The Medical AI Bootcamp provides Harvard and Stanford students an opportunity to do cutting-edge research at the intersection of AI and medicine. Over 6-9 months, members receive training to work on high-impact research problems in small interdisciplinary teams.
This bootcamp is a joint effort between Harvard and Stanford, and hosted virtually at the Rajpurkar lab.
New: Medical Doctors outside of Harvard and Stanford with an MD or equivalent can also apply to be part of the program.
We tackle important problems in medicine that require artificial intelligence solutions. We work on problems across clinical domains including radiology, emergency medicine, and cardiology, and develop computer vision and natural language processing solutions.

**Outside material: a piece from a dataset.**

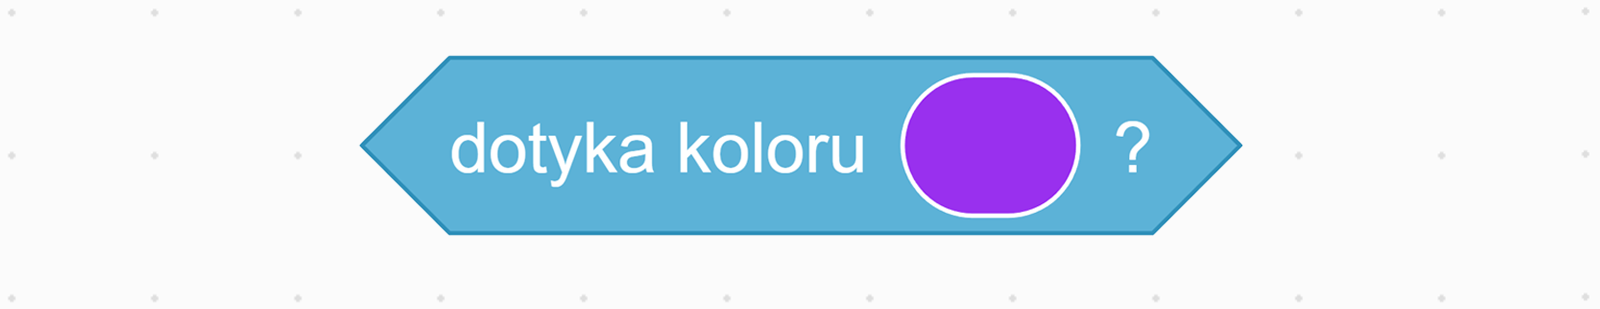 Zrzut ekranu bloku "dotyka koloru?" z wybranym kolorem fioletowym.

You tackle a scoped-out research project in a small team from conception to co-authoring a manuscript. You receive mentorship from faculty in team meetings on project execution and direction. You develop knowledge of cutting-edge medical AI research in reading groups, and machine learning tools in skills building sessions.
The bootcamp is fast-paced and highly collaborative. As a result, candidates are expected to be able to dedicate between 10-15 hours / week to the bootcamp over the course of the research project (typical time: 6-9 months), attending one large group meeting once a week and two smaller project meetings a week during the afternoons ET time.
Summer 2022 Cohort
Spring 2022 Cohort
Winter 2022 Cohort
We tackle important problems in medicine that require artificial intelligence solutions. You can see some of the projects we have worked on previously in the bootcamp or in its earlier iteration.
RadGraph: Extracting Clinical Entities and Relations from Radiology Reports (Published in NeurIPS Datasets and Benchmarks 2021)
Expert-level detection of pathologies from unannotated chest X-ray images via self-supervised learning (Published in Nature Biomedical Engineering, 2022)
Benchmarking saliency methods for chest X-ray interpretation (Published in Nature Machine Intelligence, 2022)
AI Specialization: Candidates with practical machine learning knowledge, and ability to code in Python; undergraduates and graduate students are expected to sign up for research credits for one semester or quarter. We actively seek and welcome candidates from historically underrepresented groups, candidates without previous research experiences, and candidates with primary fields of study outside STEM.
Medicine Specialization: The medicine specialization is open to medical doctors that have already received an MD or equivalent. In the upcoming round, we are especially interested in specialists in radiology and ophthalmology.
The medicine specialization welcomes candidates from around the country and world. The AI specialization is currently open for Harvard and Stanford affiliates only.
The applications for the next cycle are now open, starting Jan 9th 2023.
Early Applications due Oct 31st, 2022 at 11:59p PT.
Regular Applications due Nov 15th, 2022 at 11:59p PT.
Late Applications due Dec 15th, 2022 at 11:59p PT.
We will reach out to you if you are selected for the interview round.
We conduct rolling interviews and selections until the application deadlines.